Viver com o preconceito
Fernando Santos tem 27 anos e é um dos alunos inscrito no curso de alfabetização que lamentam continuar a "viver num barraco". Mas não é o único. A história é contada na primeira pessoa por Filomena Santos, 39 anos, e pelo marido Luís Clemente, 34. "Se uma pessoa sabe estimar um anexo, quanto mais uma casa", desabafou Filomena.
Nas comunidades, somam-se os relatos de dificuldades em encontrar senhorios dispostos a alugar-lhes uma casa. Depois de várias tentativas, Augusta Soares já pode pintar o quadro com cores mais alegres. Foi a única que, há cinco anos, com o apoio do Centro Social, conseguiu alugar uma casa onde mora com o marido e a filha Joana. Agora com 11 anos, Joana foi a primeira criança da comunidade a frequentar o infantário. Agora, todas vão à escola.
Contactada pelo JN, fonte da Câmara Municipal de Gaia afirmou que o realojamento das comunidades "só poderá ocorrer quando a candidatura estiver física e financeiramente concluída", não sendo possível adiantar com exatidão uma data.
População
À espera de realojamento estão três comunidades ciganas.
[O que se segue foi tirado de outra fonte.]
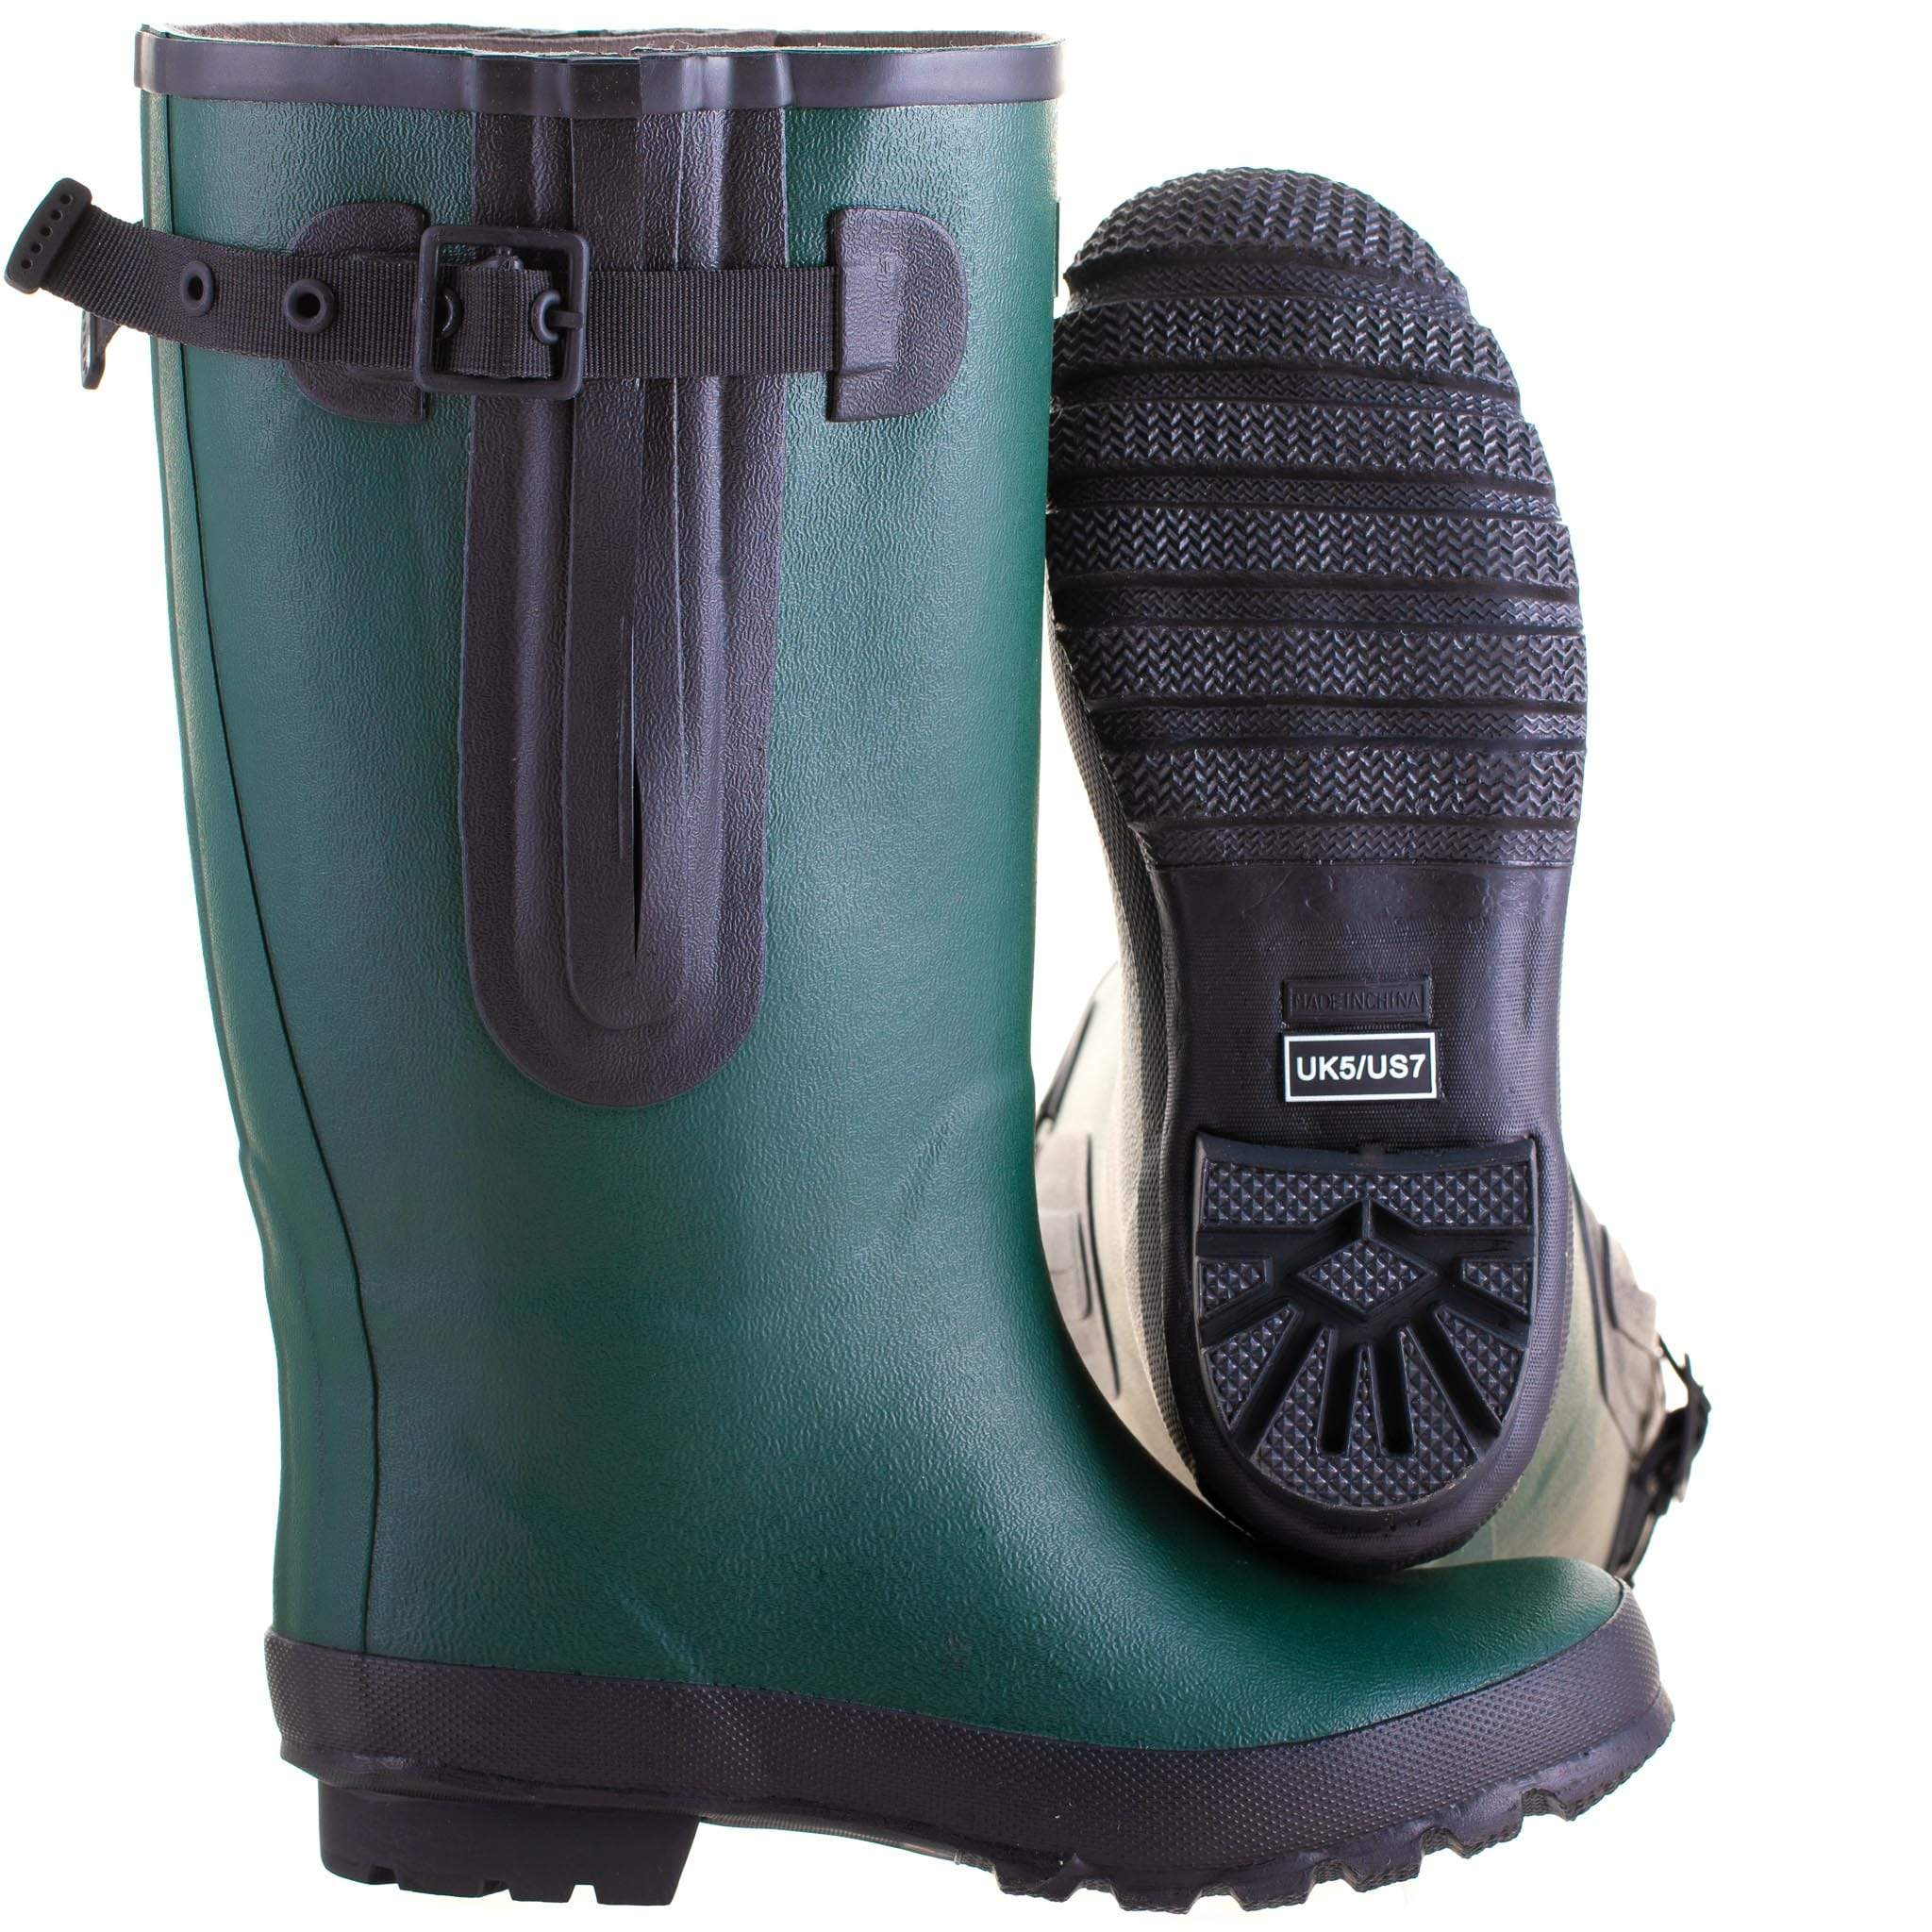 Extra Wide Calf Rain Boots - Green - Fit 23 inch Wide in Foot and Jileon RainBoots

Destaca-se uma população jovem constituída por 40 homens, 42 mulheres e 63 crianças. Estes números podem oscilar, "uma vez que há sempre nascimentos e casamentos que levam à entrada e saída de elementos", avança a psicóloga Patrícia Martins.
Novas casas
Os projetos de construção das novas habitações, que devem nascer nas imediações das atuais barracas, devem incluir espaços para a criação dos próprios negócios nas áreas da estética e das artes. O objetivo é que as famílias comecem a ter outras fontes de rendimento para conseguirem pagar a renda mensal e as despesas da luz e água.
Plano de realojamento já foi aprovado
O realojamento das comunidades ciganas está integrado no PEDU e será financiado pelo Fundo Europeu de Desenvolvimento Regional e pelo Município de Gaia. Os objetivos passam pela "reabilitação de espaços e unidades industriais abandonadas e pela integração de públicos desfavorecidos", explicou a Câmara de Gaia. As novas unidades habitacionais vão permitir a "reconversão urbana e requalificação física dos edifícios integrados na proposta de intervenção".